Adapted from a recent online discussion.
After severe depression, don't assume friends will judge you
Anonymous: I could have been Virginia from yesterday: About 10 years ago, I had dropped away from college friends after a bout of severe depression, went from a promising career to working retail, etc. I felt very embarrassed.
I had quite the "aha" moment when one of these friends passed away and I saw others at the funeral. I explained myself, not in any pronouncement kind of way, and was faced with a big "So what." At the time, it made me feel worse that I had missed out on so much because I was feeling "less than" — but now I think about that "so what" whenever the feelings creep in again. I'm in touch with many of these people today and what I do for a living just doesn't come up.
Carolyn: Well said, thanks.
What to Say Then?: So what do you say when everyone else is talking about spouses/children/weddings/promotions/in-laws/mortgages/etc.? Gather dust? Say the dingo ate your baby?
Carolyn: Yes, because that's funny, but it's also okay to talk about . . . something else. Common ground may be harder to find when people are at different life stages, but unless it's a really boring conversation, there's always a larger context.
People talking mortgages, for example, are likely touching on real estate and the local economy, which renters often know better than owners. People talking in-laws are likely navigating complex relationships, which anyone with classmates, roommates or colleagues can speak to, if from a different angle. And so on.
And if there's no toehold in the conversation, outsiders can always join in by asking questions. Just summon the oomph to try.

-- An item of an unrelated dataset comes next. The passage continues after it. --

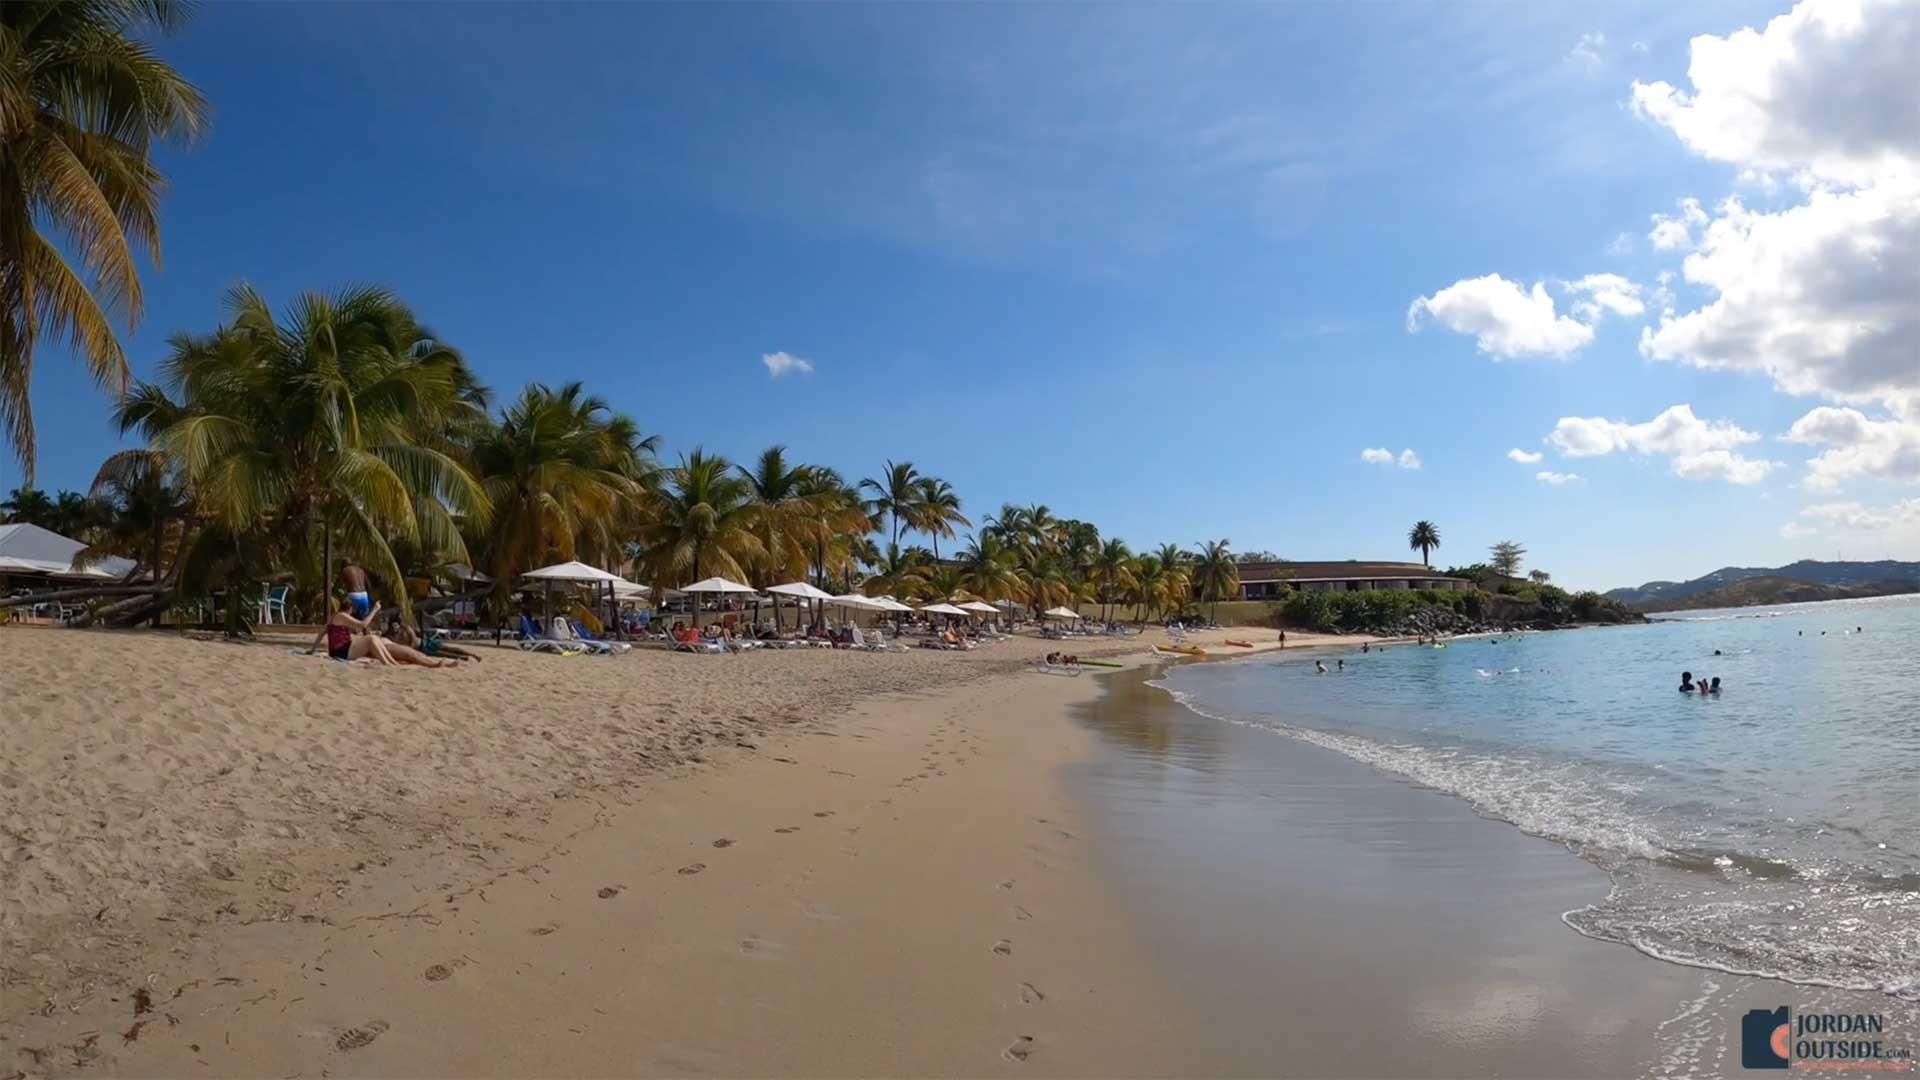 Mermaid Beach in St. Croix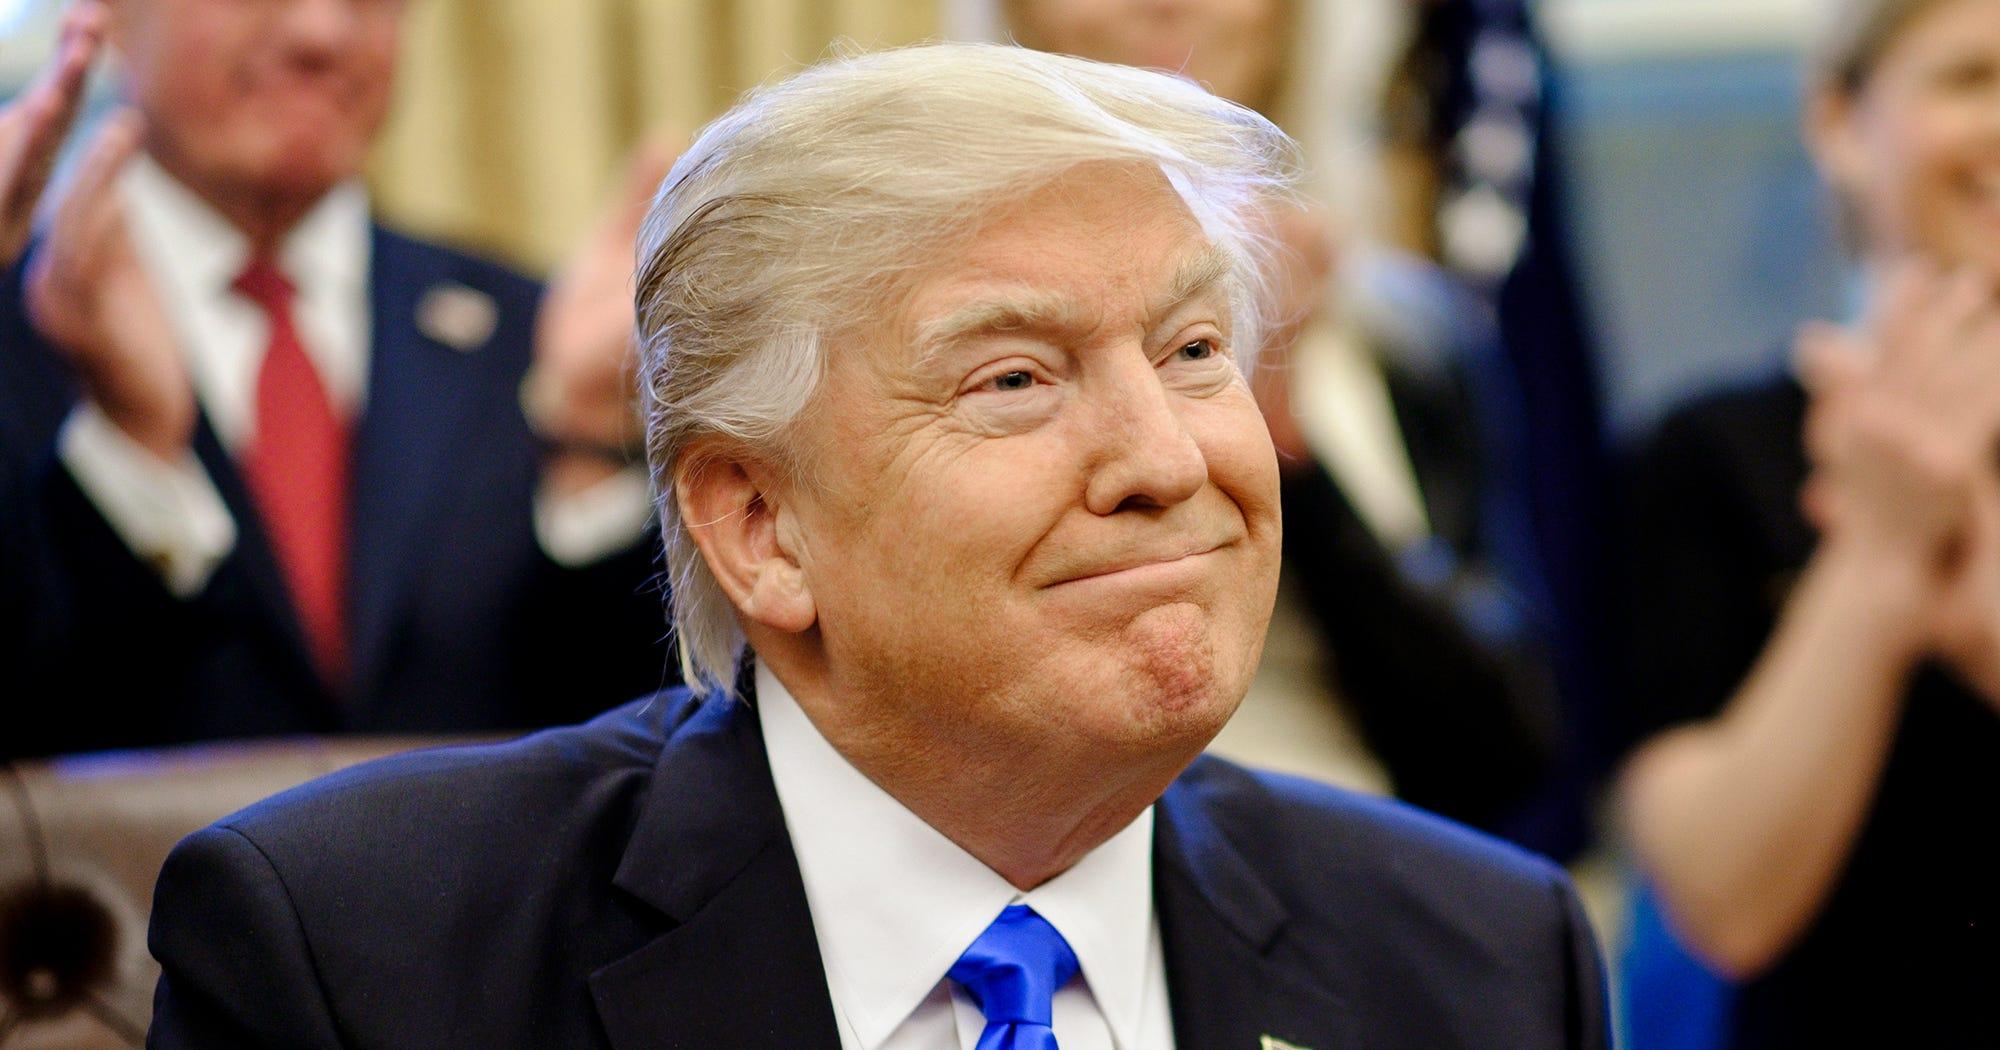 Donald Trump Mental Health Diagnosis Narcissism Twitter

What to Say: "What's new?" is an innocuous question, really, but can seem stressful when you have nothing that seems interesting to offer up.
I was feeling that way recently. I work looooong hours in a job that is interesting to me, but deadly to describe to others, and I hang out with my husband when we have a few hours at home. That's it. That's really boring to retell. So I thought "Why isn't there anything new with me?"
I don't have a lot of time, so I put more energy into something I already liked to do: cook. I now bake all our bread, make our pasta, brew our beer — everything, and it's a lot of fun, and gives me LOTS to talk about with people.
Big life events don't happen all the time. People are really looking for ways to connect with you. If you feel like there's nothing to talk about, create something to talk about. The process will make you feel fulfilled regardless.
Carolyn: Ruthlessly sane. Thanks.
Also Anonymous: Mentioning the dingo: Tell me what's going on in your life, please, because you're my friend and I'm interested. It's not a competition. I didn't tell you about my house/in-laws/baby because I want to make you jealous. That's just what's going on in my life. I'm also interested in knowing what you are doing, especially if it's different from what I'm doing.
Carolyn: Depressed people have a hard time believing — even conceiving — that others think this way about them. Thanks for spelling it out.